- [PROBLEM REQUIREMENTS] Reproduce the listing below word for word, with no pictures.

- [DATA BLOCK]
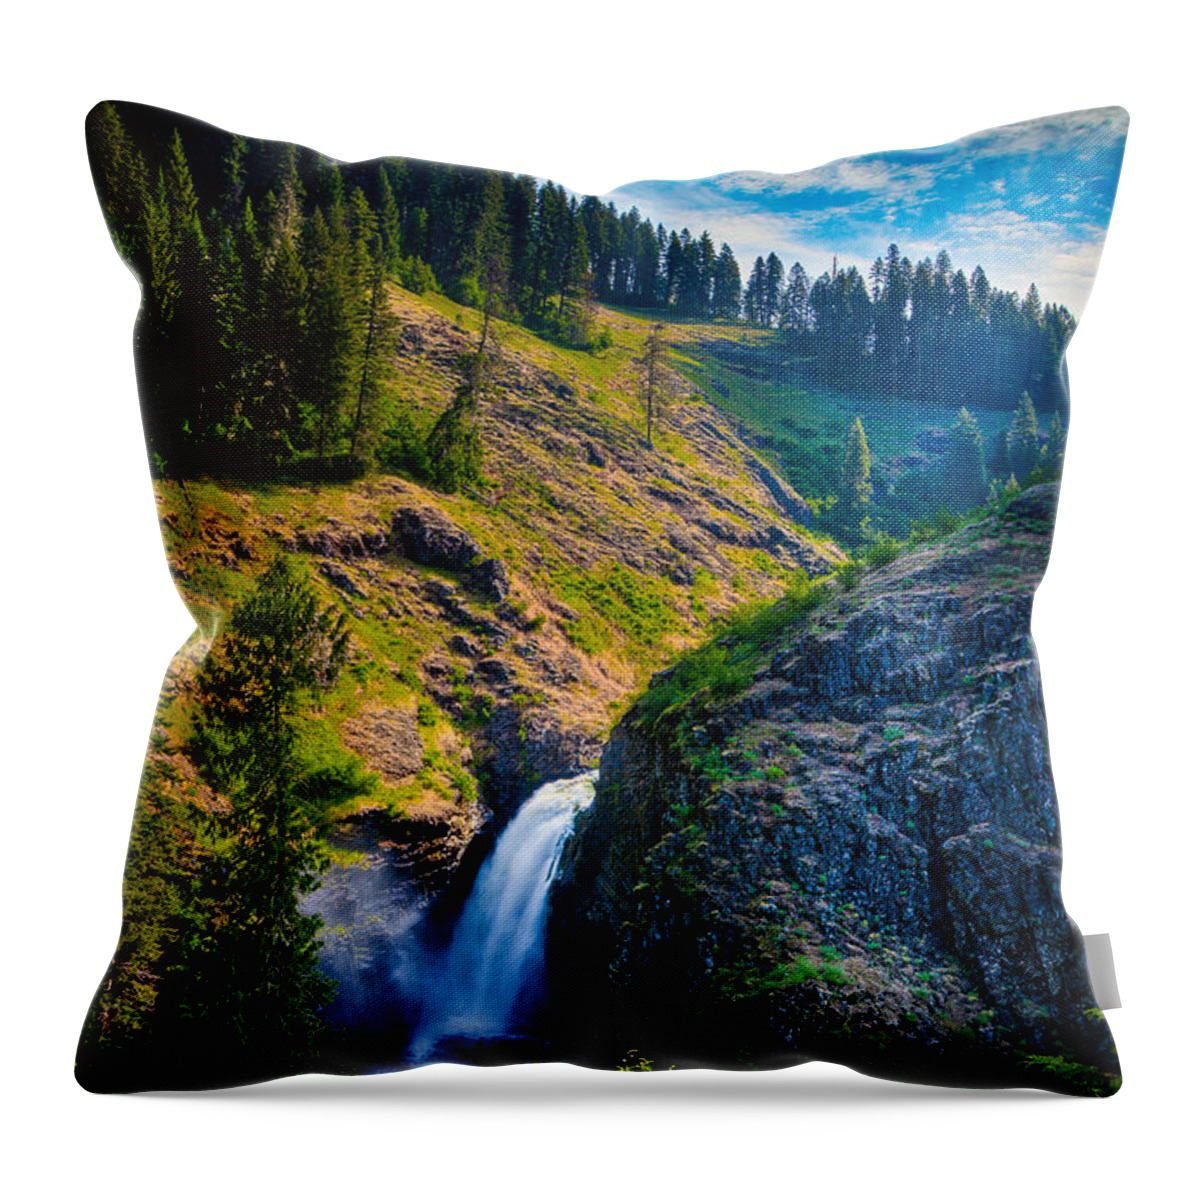  Throw Pillow featuring the photograph Lower Falls - Elk Creek Falls by Rikk Flohr
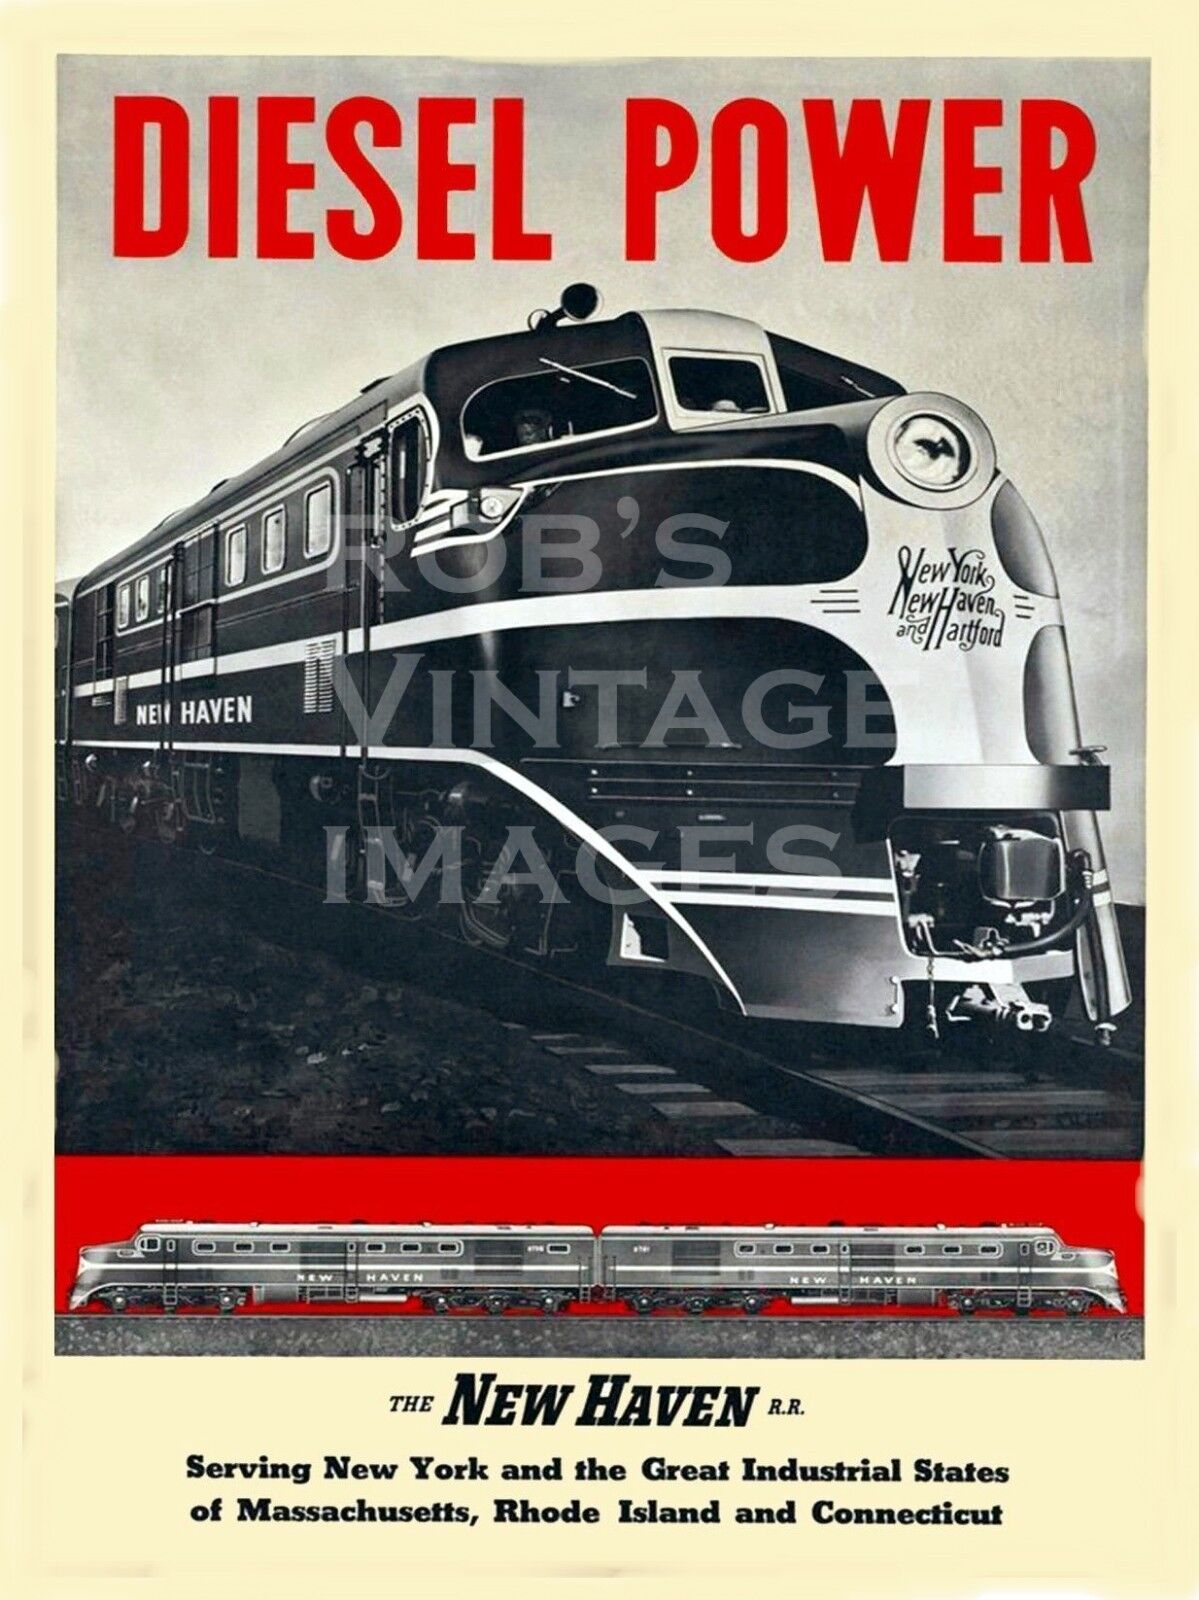 New York Hartford New Haven Railroad Photo Poster train DL-109 Locomotive Diesel
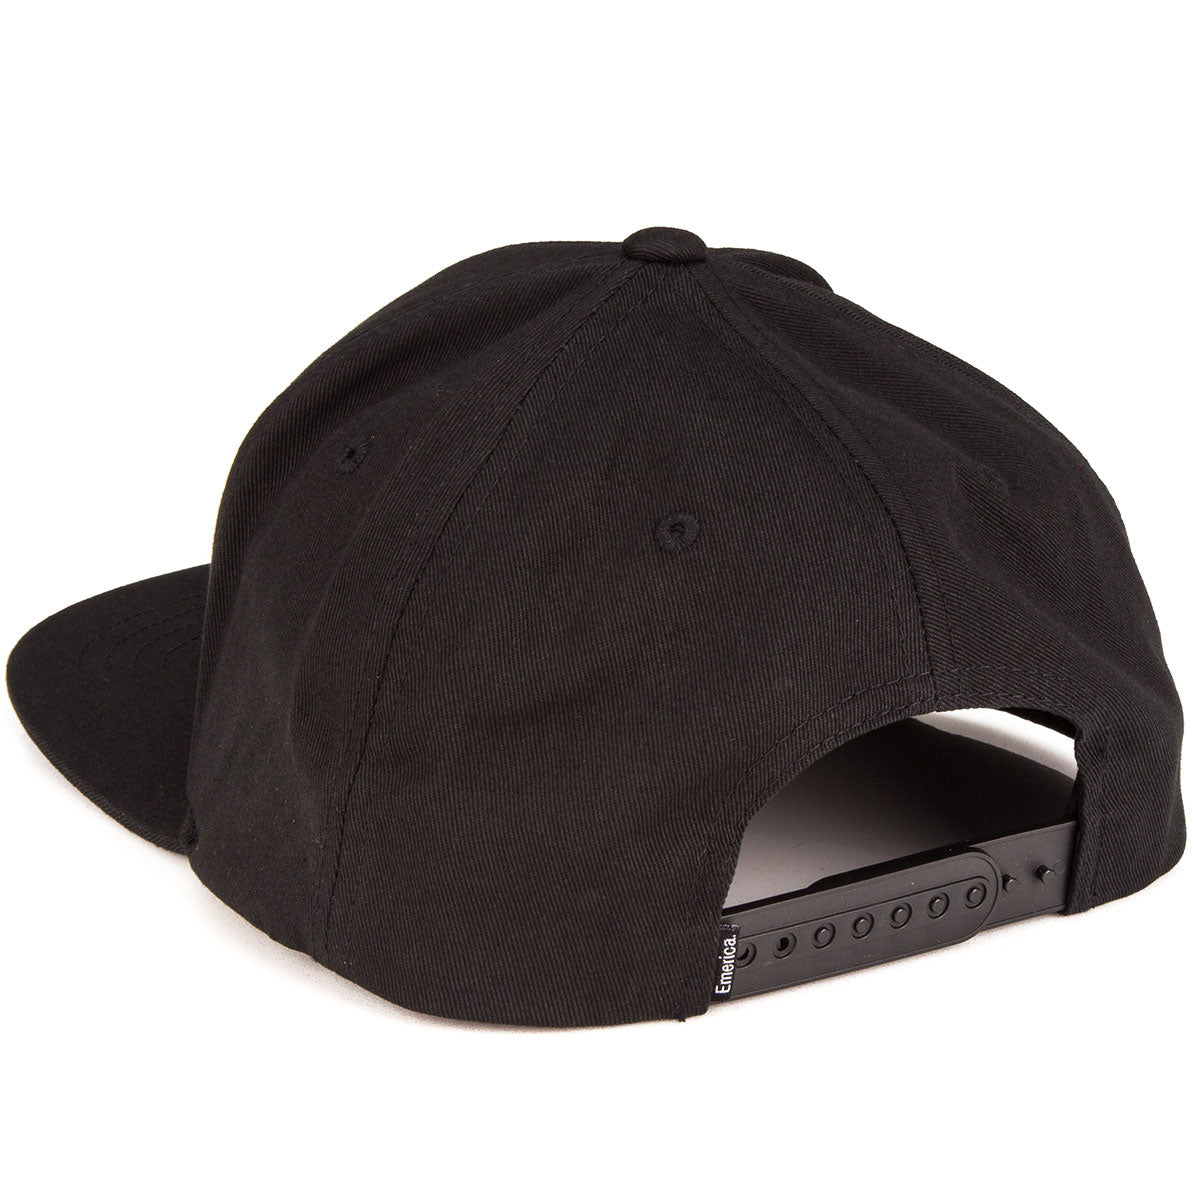 Emerica Triangle Snapback Hat - Black image 2
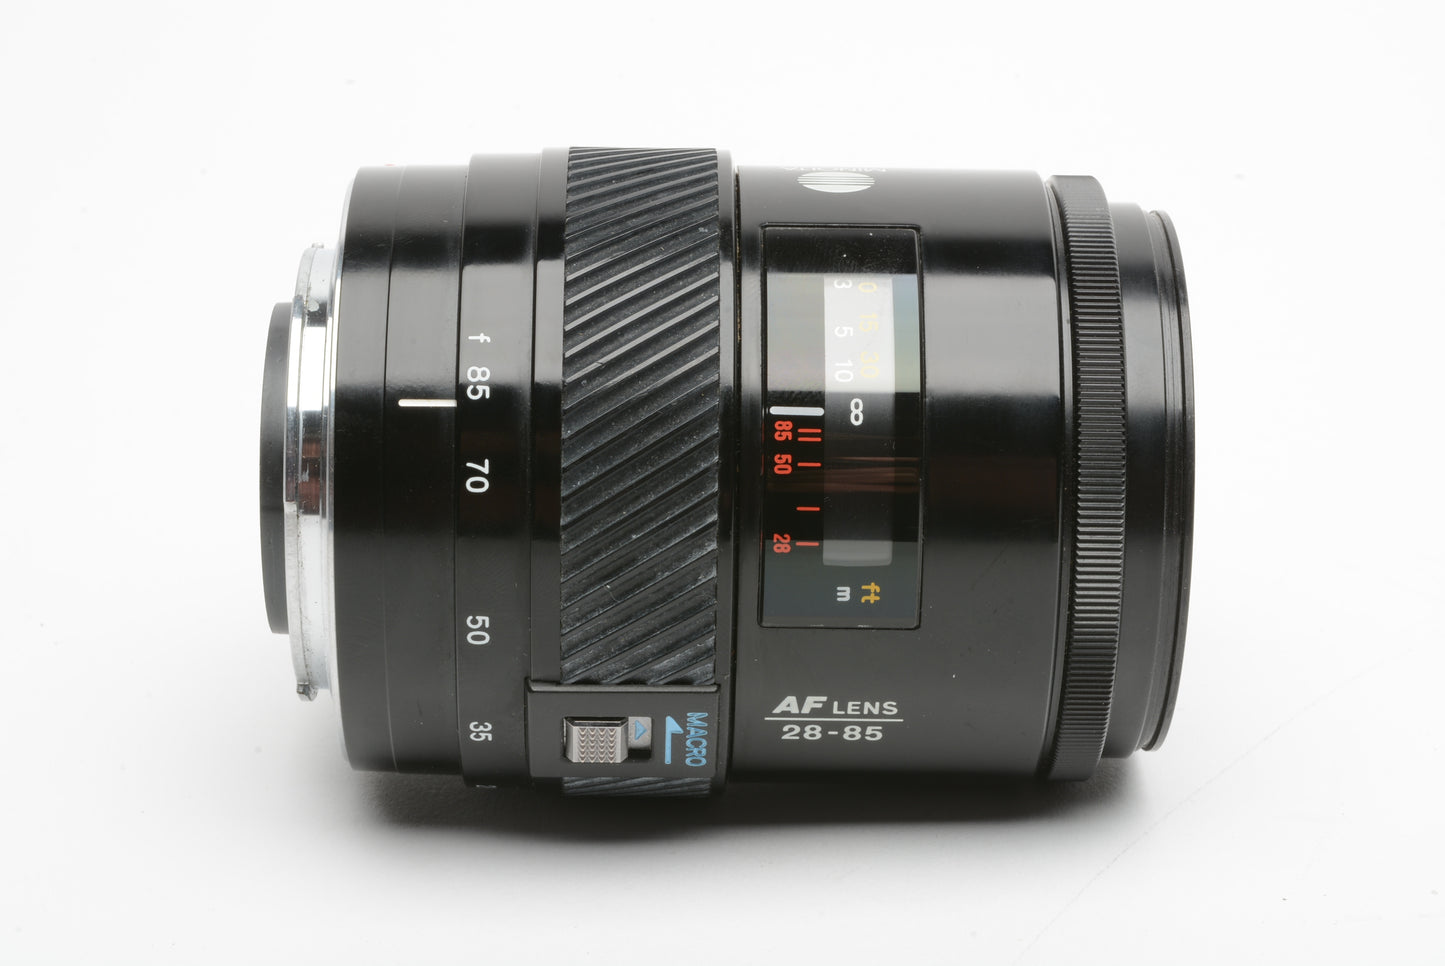 Minolta Maxxum AF 28-85mm f3.5-4.5 zoom lens, caps, hood, great glass, nice!

- [SOLUTION]
  Throw Pillow featuring the photograph Lower Falls - Elk Creek Falls by Rikk Flohr
 New York Hartford New Haven Railroad Photo Poster train DL-109 Locomotive Diesel
 Emerica Triangle Snapback Hat - Black image 2
 Minolta Maxxum AF 28-85mm f3.5-4.5 zoom lens, caps, hood, great glass, nice!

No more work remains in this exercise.